Mexican Street Corn Chicken Tacos combine the bold flavors of Mexican street food with spicy, well-seasoned chicken. Made with roasted fresh corn, cilantro, lime, tender marinated chicken and a creamy chipotle dressing, these elote-style tacos are vibrant, satisfying, and easy to prepare.
MEXICAN STREET CORN CHICKEN TACOS
I love Mexican flavors and try to add new inspired dishes to our weekly rotation. Chicken is a staple at our house, and when fresh corn and limes showed up recently I turned them into a fun Taco Tuesday: smoky roasted corn, juicy marinated chicken, bright cilantro and a tangy chipotle crema come together to make an irresistible taco.
WHAT IS MEXICAN STREET CORN?
Elote, or Mexican street corn, is a beloved street food. Traditionally it’s grilled or roasted corn on the cob slathered with a mixture of sour cream and/or mayo, sprinkled with cotija cheese, dusted with chile powder, and finished with lime and cilantro. The result is creamy, tangy, smoky and slightly spicy—a perfect pairing for grilled meats and summer gatherings.
HOW TO ROAST CORN
To roast corn, shuck fresh ears and heat a grill or grill pan to medium-high. Turn the cobs frequently until kernels develop charred spots, about 8–12 minutes. Stand each cob on its end and use a sharp knife to cut the kernels down into a bowl. Placing a small bowl inside a larger bowl and standing the cob on top helps catch the kernels as you slice.
IF YOU DON’T HAVE FRESH CORN
Fresh corn is ideal, but canned or frozen roasted corn works well. Drain canned corn and sauté it in a bit of olive oil over medium-high heat until it’s slightly browned to mimic grilled flavor. Frozen roasted corn can be heated the same way—both are good substitutes when summer corn isn’t available.
HOW TO HEAT CORN TORTILLAS
Warming corn tortillas makes a big difference. Heat a dry griddle or skillet over medium-high and warm tortillas two at a time, 1–2 minutes per side, until they begin to brown and become pliable. If you prefer, lightly oil the pan. Serve immediately—reheated tortillas will harden if left to sit.
WHAT IS ADOBO SAUCE?
Adobo sauce is the smoky, tangy sauce packed with chipotle peppers in a can.
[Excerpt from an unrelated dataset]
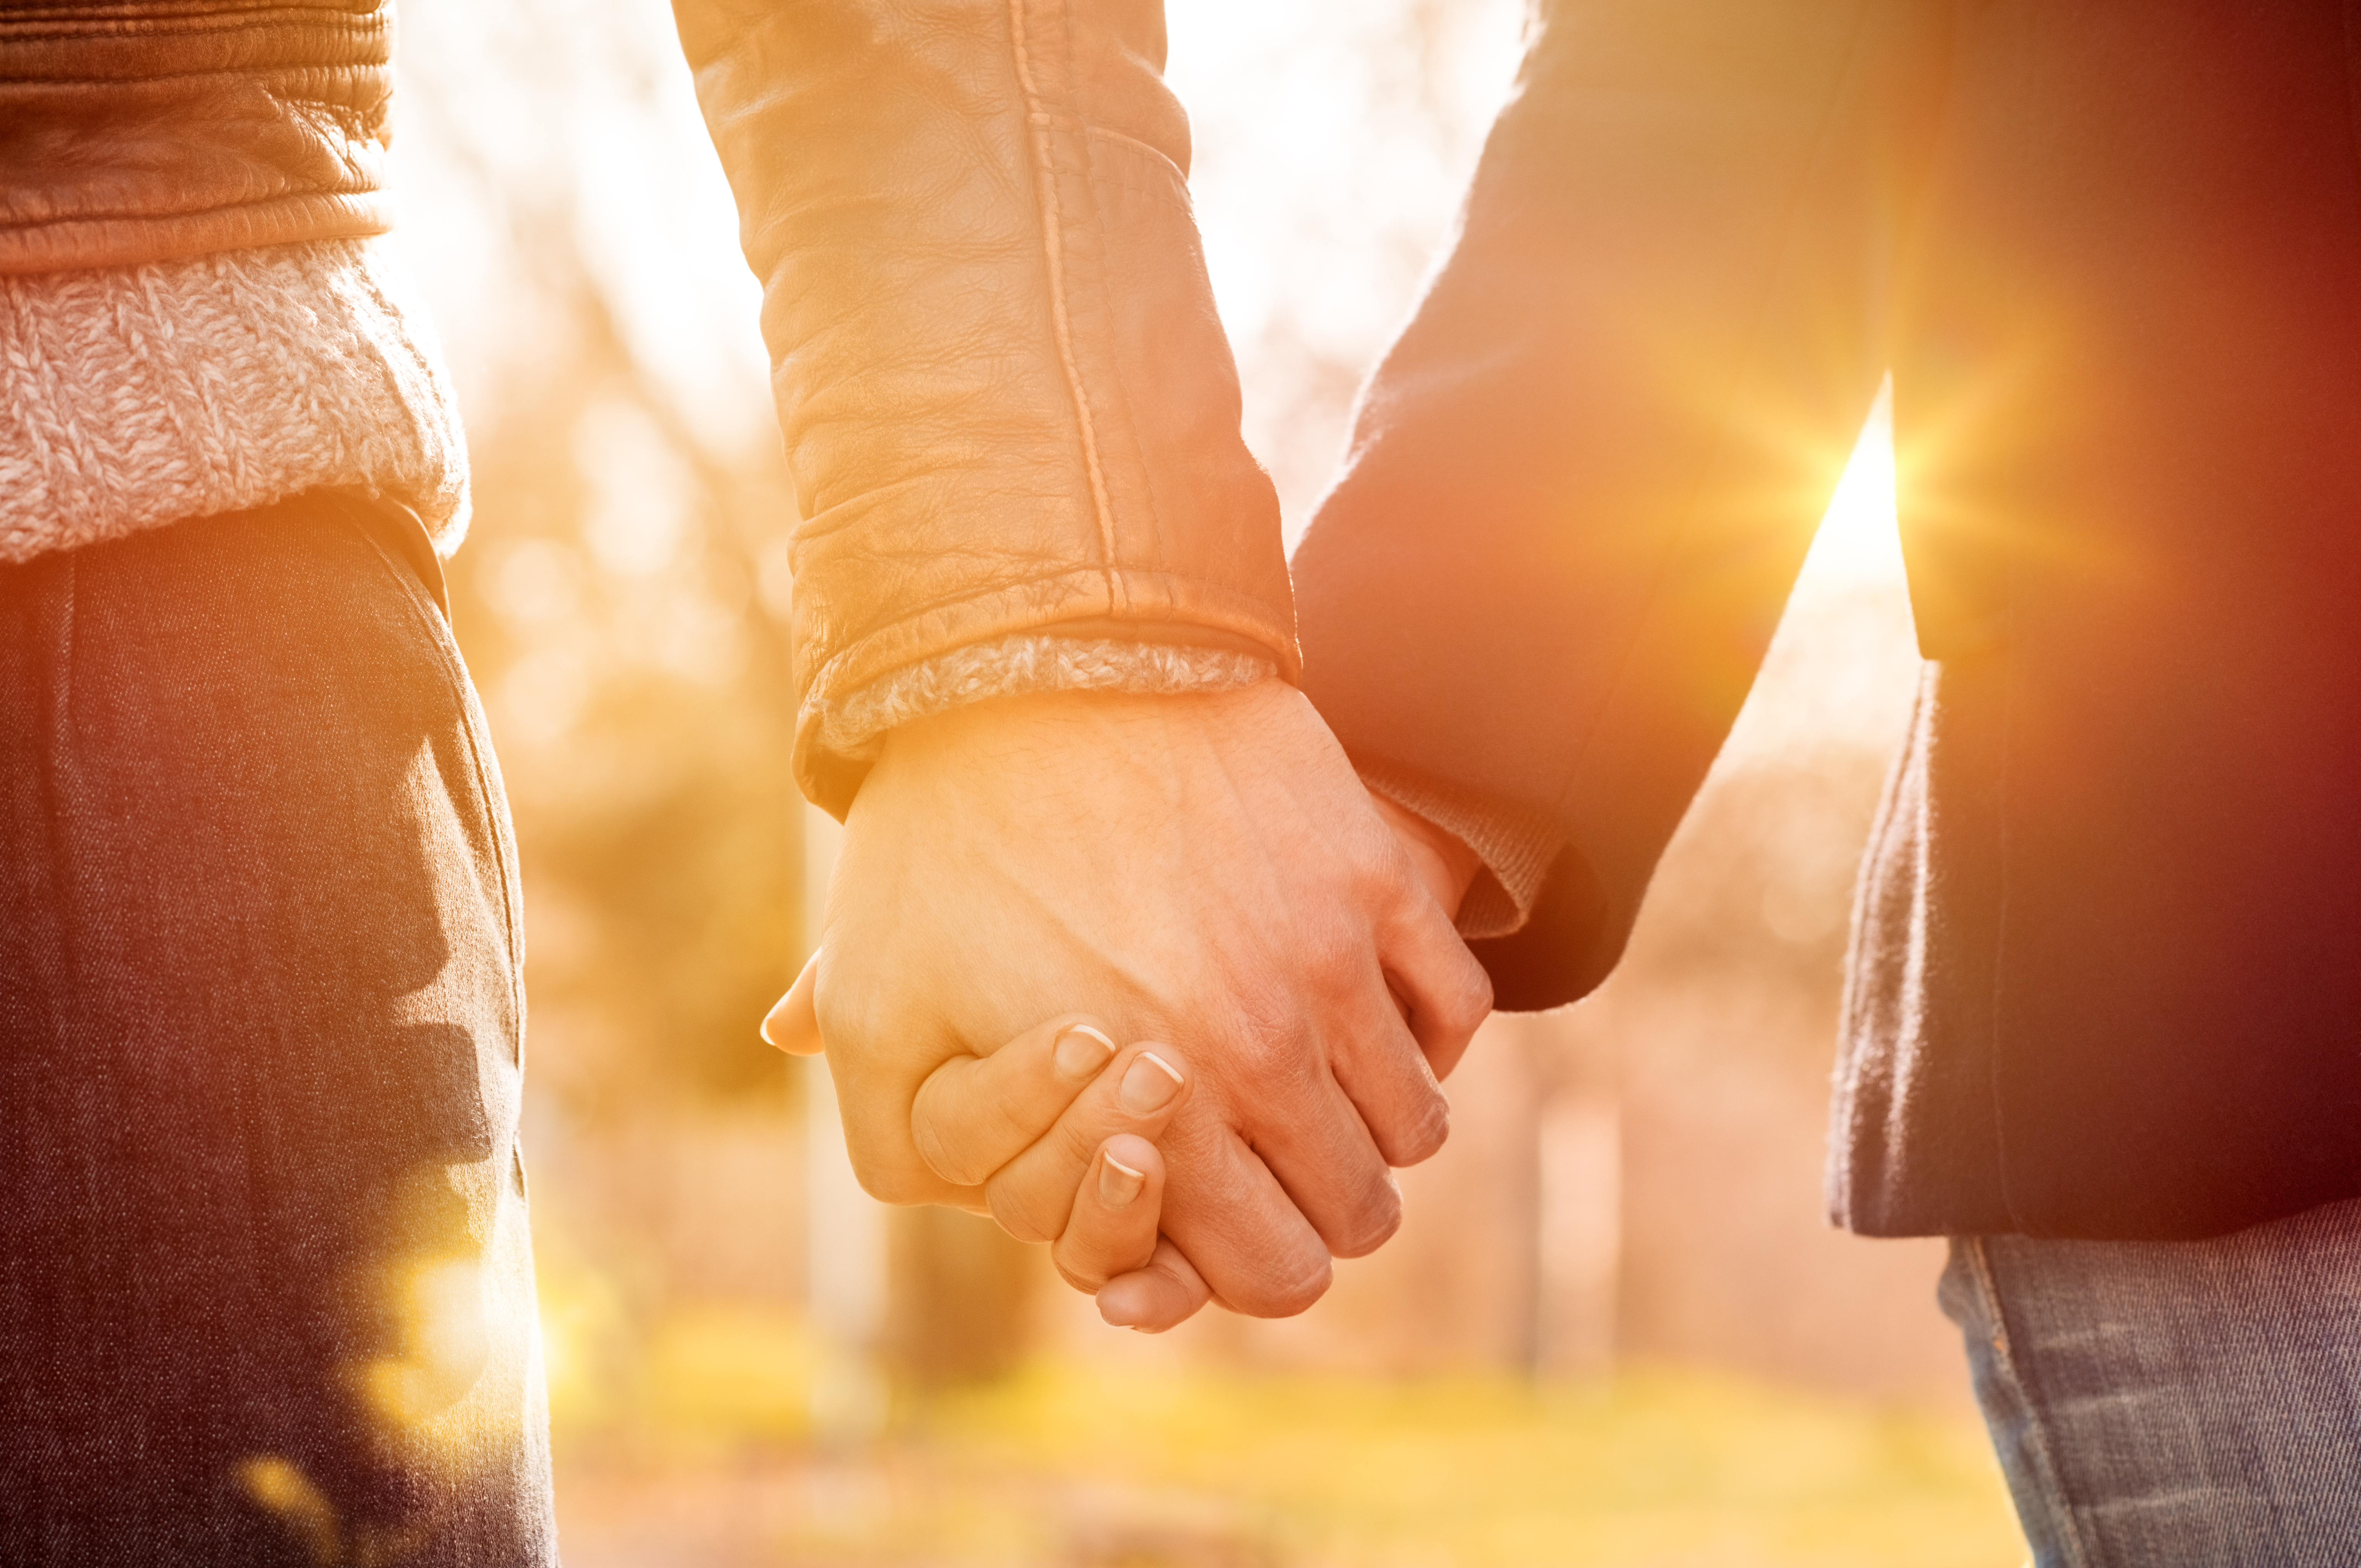 A couple holding hands | Source: Shutterstock

A tablespoon of adobo adds depth and heat to the chipotle dressing. If you prefer less heat you can use a teaspoon of chipotle powder or a pinch of cayenne instead.
MARINADE FOR THE CHICKEN
A good marinade needs time to penetrate the meat. Marinate the chicken for at least one hour and up to six hours for best flavor. The citrus, garlic and spices in this marinade yield juicy, flavorful chicken that pairs perfectly with the creamy, spicy dressing and roasted corn.
HOW TO MAKE ELOTE TACOS
Trim and halve the chicken breasts lengthwise. Combine olive oil, fresh lime juice, crushed garlic, cumin, chili powder, smoked paprika and soy sauce in a large zip-top bag. Add the chicken, seal, and move it around until evenly coated. Refrigerate for 1–6 hours.
While the chicken marinates, whisk together the chipotle dressing: sour cream, mayo, garlic powder, onion powder, salt, lime juice and adobo sauce. Chill until ready to use.
When the chicken is done marinating, remove it from the bag and shake off excess marinade. Cook in a hot, lightly oiled skillet or grill pan 5–6 minutes per side, until cooked through. Remove from heat, cover with foil and let rest 4–5 minutes. Slice or chop the chicken into bite-sized pieces.
Warm corn tortillas in a skillet or on a griddle 1–2 minutes per side. Assemble each tortilla with chicken, roasted corn, chopped cilantro, diced red onion, jalapeño if using, crumbled cotija (or cojita) cheese, a squeeze of lime and a generous spoonful of the chipotle dressing. Serve immediately.
MORE MEXICAN-INSPIRED DISHES
- Breakfast Enchiladas with Poblano Sauce — hearty and spicy, great for feeding a group.
- Mexican Stuffed Peppers — colorful bell peppers filled with seasoned beef, rice and cheese.
- Chicken Tinga Tostadas — chipotle-flavored shredded chicken served on crisp tostadas.
- Easy Slow Cooker Mexican Chorizo Chili — a comforting, spicy chili made simple in the slow cooker.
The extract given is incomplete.